MER was developed and tested using the GNU awk (gawk) and grep. If you have another awk interpreter in your machine, there’s no assurance that the program will work.

For example, to install GNU awk on Ubuntu:

sudo apt-get install gawk

Currently, merpy will not run unless gawk is available.

ssmpy

To calculate similarities between the recognized entities

pip install ssmpy

Installation

pip install merpy

or

python setup.py install

Then you might want to update the MER scripts and download preprocessed data:

>>> import merpy
>>> merpy.download_mer()
>>> merpy.download_lexicons()

Basic Usage

>>> import merpy
>>> merpy.download_lexicons()
>>> lexicons = merpy.get_lexicons()
>>> merpy.show_lexicons()
lexicons preloaded:
['cl', 'osci', 'lexicon', 'bireme_decs_por2020', 'bireme_decs_eng2020', 'ecto', 'go', 'hp', 'wordnet-hyponym', 'doid', 'bireme_decs_spa2020', 'radlex', 'envo', 'chebi_lite']

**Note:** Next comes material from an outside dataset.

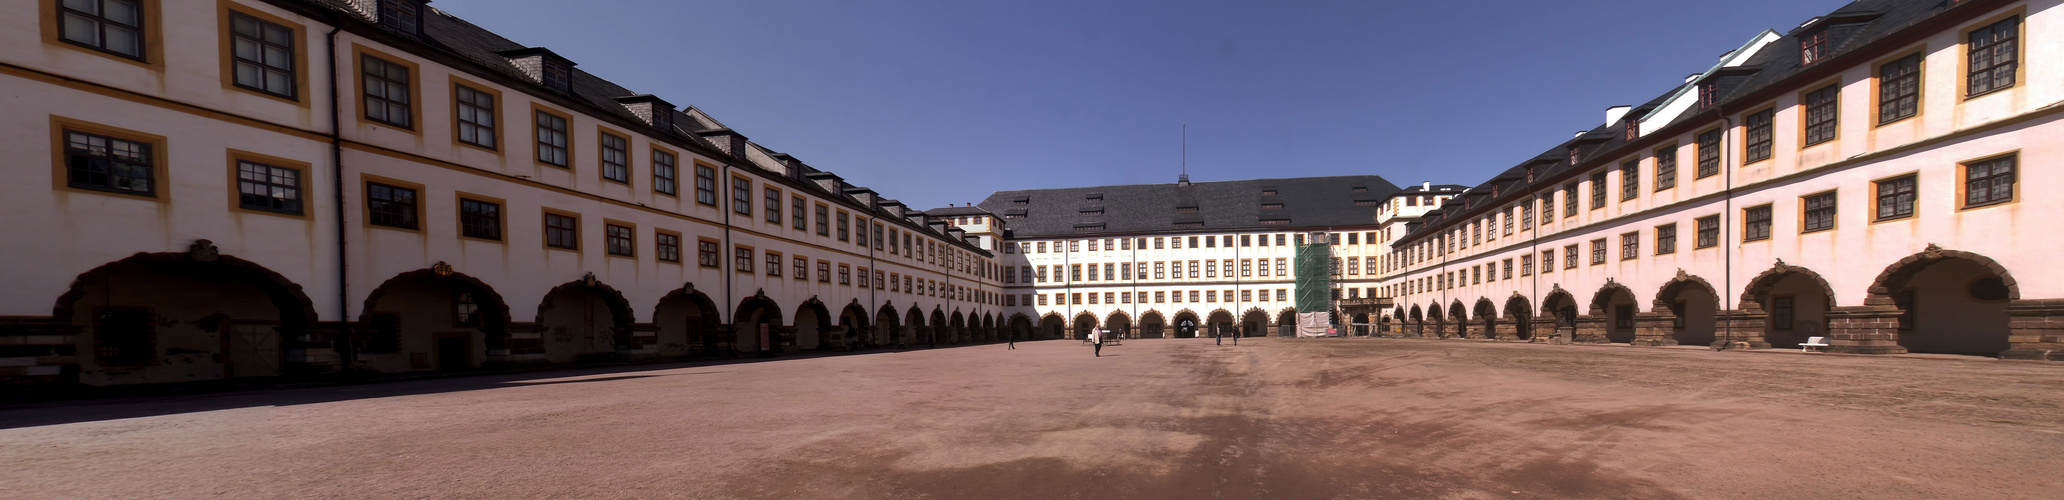 Innenhof-Schloss-Friedenstein

lexicons loaded ready to use:
['osci', 'bireme_decs_por2020', 'radlex', 'go', 'envo', 'doid', 'chebi_lite', 'ecto', 'bireme_decs_spa2020', 'bireme_decs_eng2020', 'wordnet-hyponym', 'cl', 'hp', 'lexicon']

lexicons with linked concepts:
['doid', 'bireme_decs_por2020', 'lexicon', 'bireme_decs_spa2020', 'osci', 'bireme_decs_eng2020', 'go', 'hp', 'cl', 'radlex', 'chebi_lite', 'ecto', 'envo']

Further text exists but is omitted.